Население Ламанша, английского архипелага и французского приморья, осведомлено о нем весьма точно. У дьявола наместники во всем мире. Всем известно, что Бельфагор - посланник ада во Франции, Уджин - в Италии, Белиал - в Турции, Тамуз - в Испании, Мартинэ - в Швейцарии, а Маммон - в Англии. Чем Сатана не император? Он - Цезарь. Дворец его поставлен на широкую ногу: Дагон - главный хлебодар; Сукор Бенот - старший евнух; Асмодей - банкомет; Кобал - директор театра, а Верделе - главный церемониймейстер; Ниббас - шут. Г-н Вьерус, ученый муж, знаток вампиризма и весьма сведущий демонограф, называет Ниббаса "выдающимся мастером пародий".

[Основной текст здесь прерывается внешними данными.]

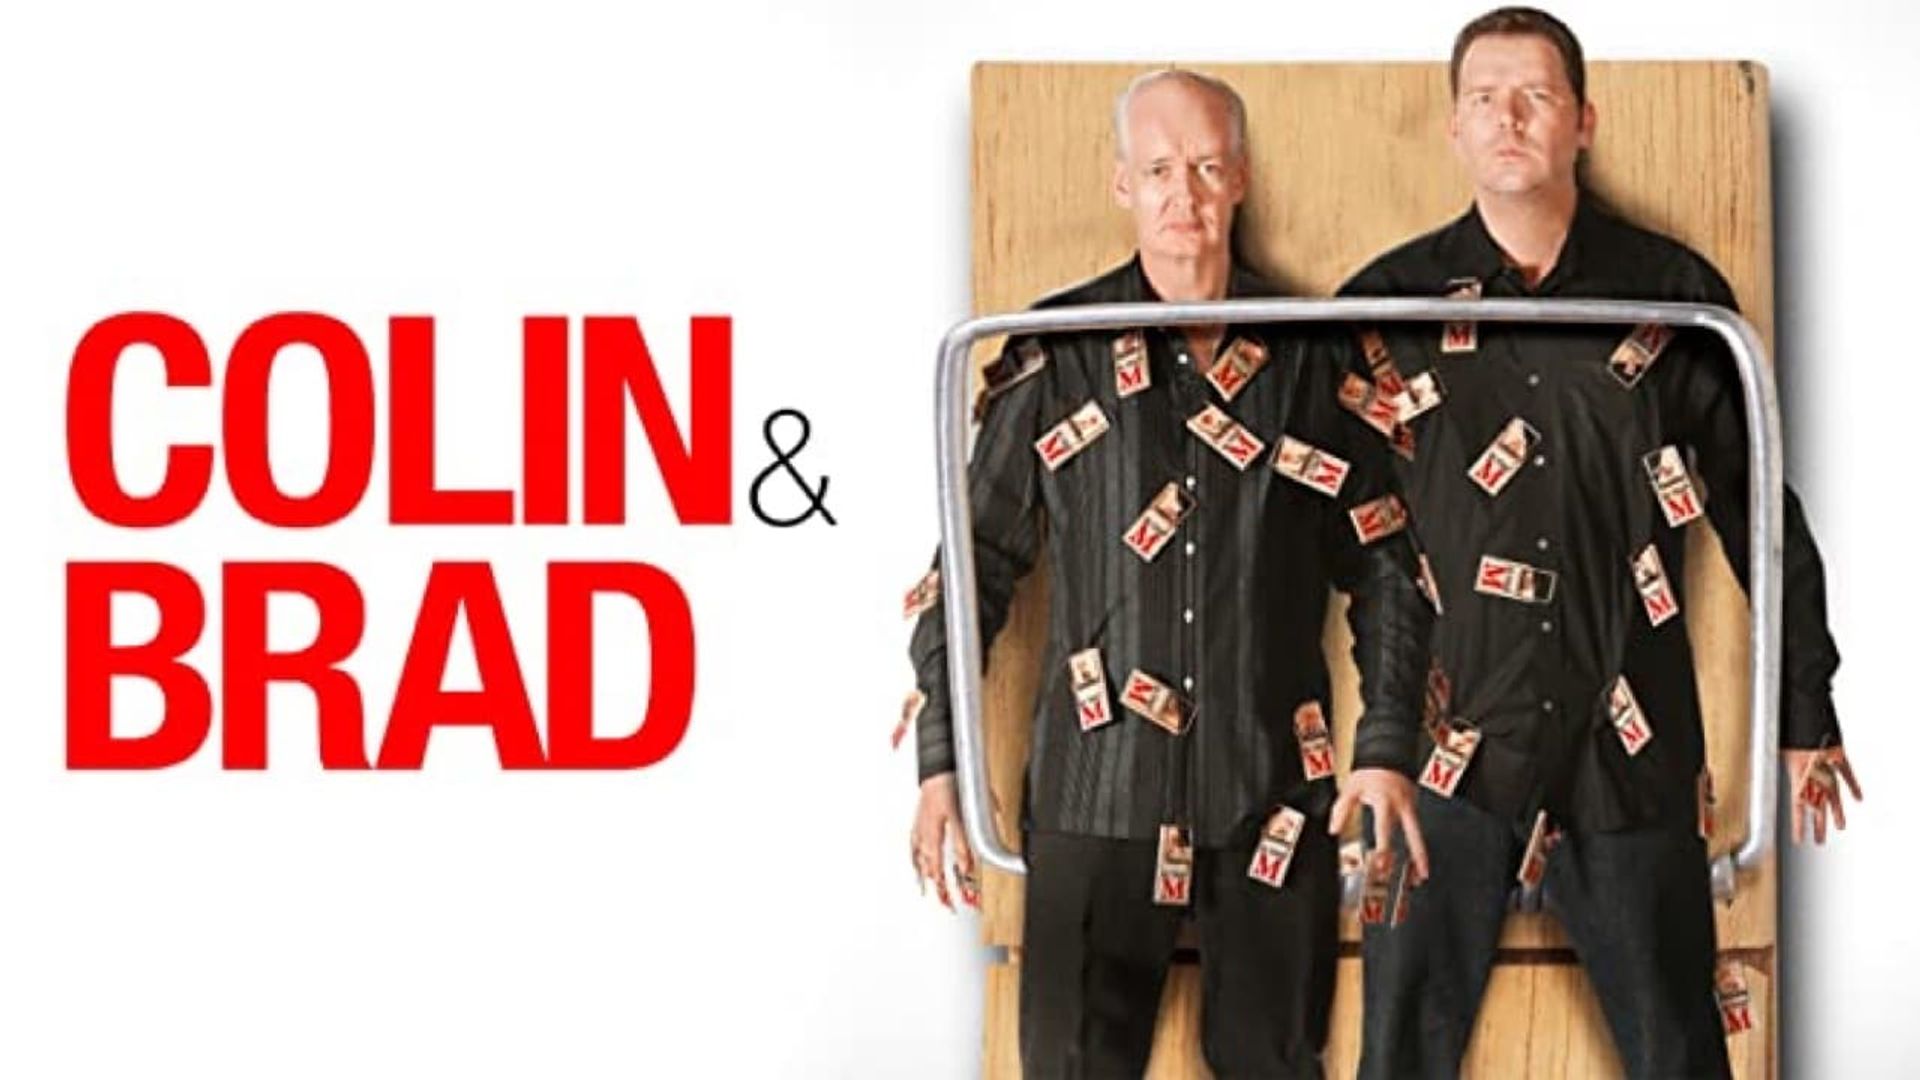 Colin & Brad: Two Man Group background

Нормандские рыбаки Ламанша, отправляясь в море, вынуждены из-за дьявольских наваждений принимать множество предосторожностей. Долго думали, что на огромной столовой скале Ортах, той, что стоит в открытом море между Ориньи и Каскэ, жил святой Маклу, и многие бывалые моряки утверждали, что частенько видели, как он восседал там, читая книгу. Потому-то они и преклоняли усердно колени, проплывая мимо скалы Ортах, пока легенда не рассеялась и не уступила место истине. Теперь уже стало известно, кто именно обжился на скале Ортах: не святой, а дьявол. Этот самый дьявол, по кличке Жохмус, и выдавал себя несколько веков за святого Маклу. Впрочем, сама церковь попадает иной раз впросак. Дьяволы Рагюэль, Орибель и Тобиэль причислялись к лику святых до 745 года, пока пана Захарий не почуял, кто они такие, и не выставил их вон. Подобные меры весьма полезны, но, чтобы их применять, надо хорошо разбираться во всякой чертовщине.

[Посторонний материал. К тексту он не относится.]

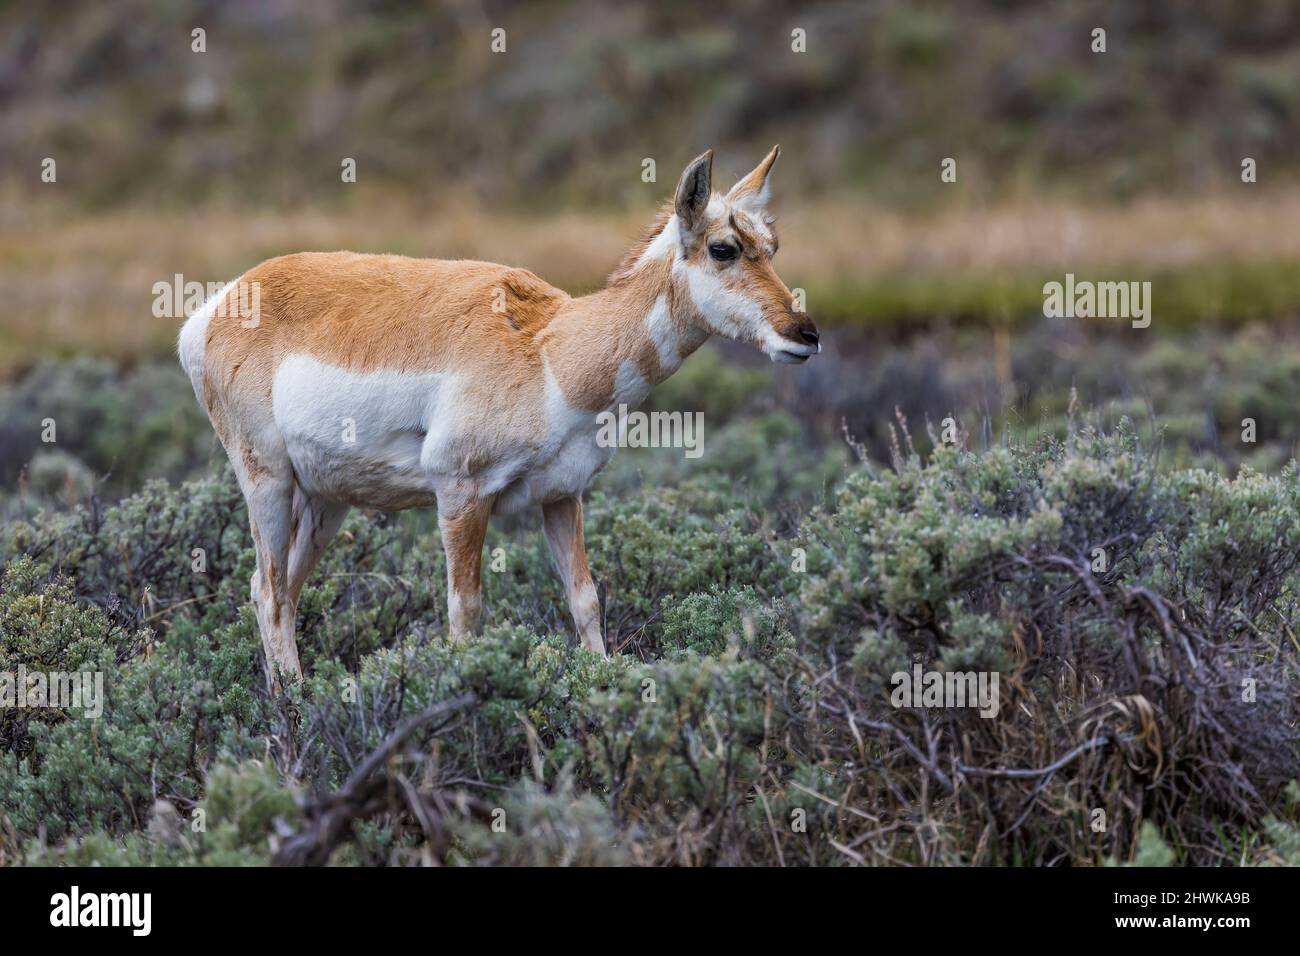 Pronghorn, Antilocapra americana, in the Lamar Valley of Yellowstone National Park, Wyoming, USA Stock Photo

Старожилы рассказывают, - правда, эти факты относятся к седой старине, - что католическое население Нормандского архипелага было некогда, конечно, помимо своей воли, еще в более тесных сношениях с дьяволом, чем гугенотское. Почему? Право, не знаем. Достоверно лишь, что дьявол очень досаждал сей малочисленной кучке верующих. Он воспылал нежностью к католикам и повадился к ним, из чего можно заключить, что дьявол скорее католик, чем протестант. Всего несноснее его дружелюбие проявлялось по ночам: он посещал супружеское ложе католиков, когда муж спал крепким сном, а жена дремала. Из-за этого бывали всякие недоразумения.
Патулье полагал, что Вольтер зачат именно при таких обстоятельствах. И это вполне правдоподобно. Такие случаи к тому же хорошо известны и описаны в книгах заклинаний бесов под рубрикой: De erroribus nocturnis et de semine diabolorum [О наваждениях ночных и о семени диаволовом (лат.)].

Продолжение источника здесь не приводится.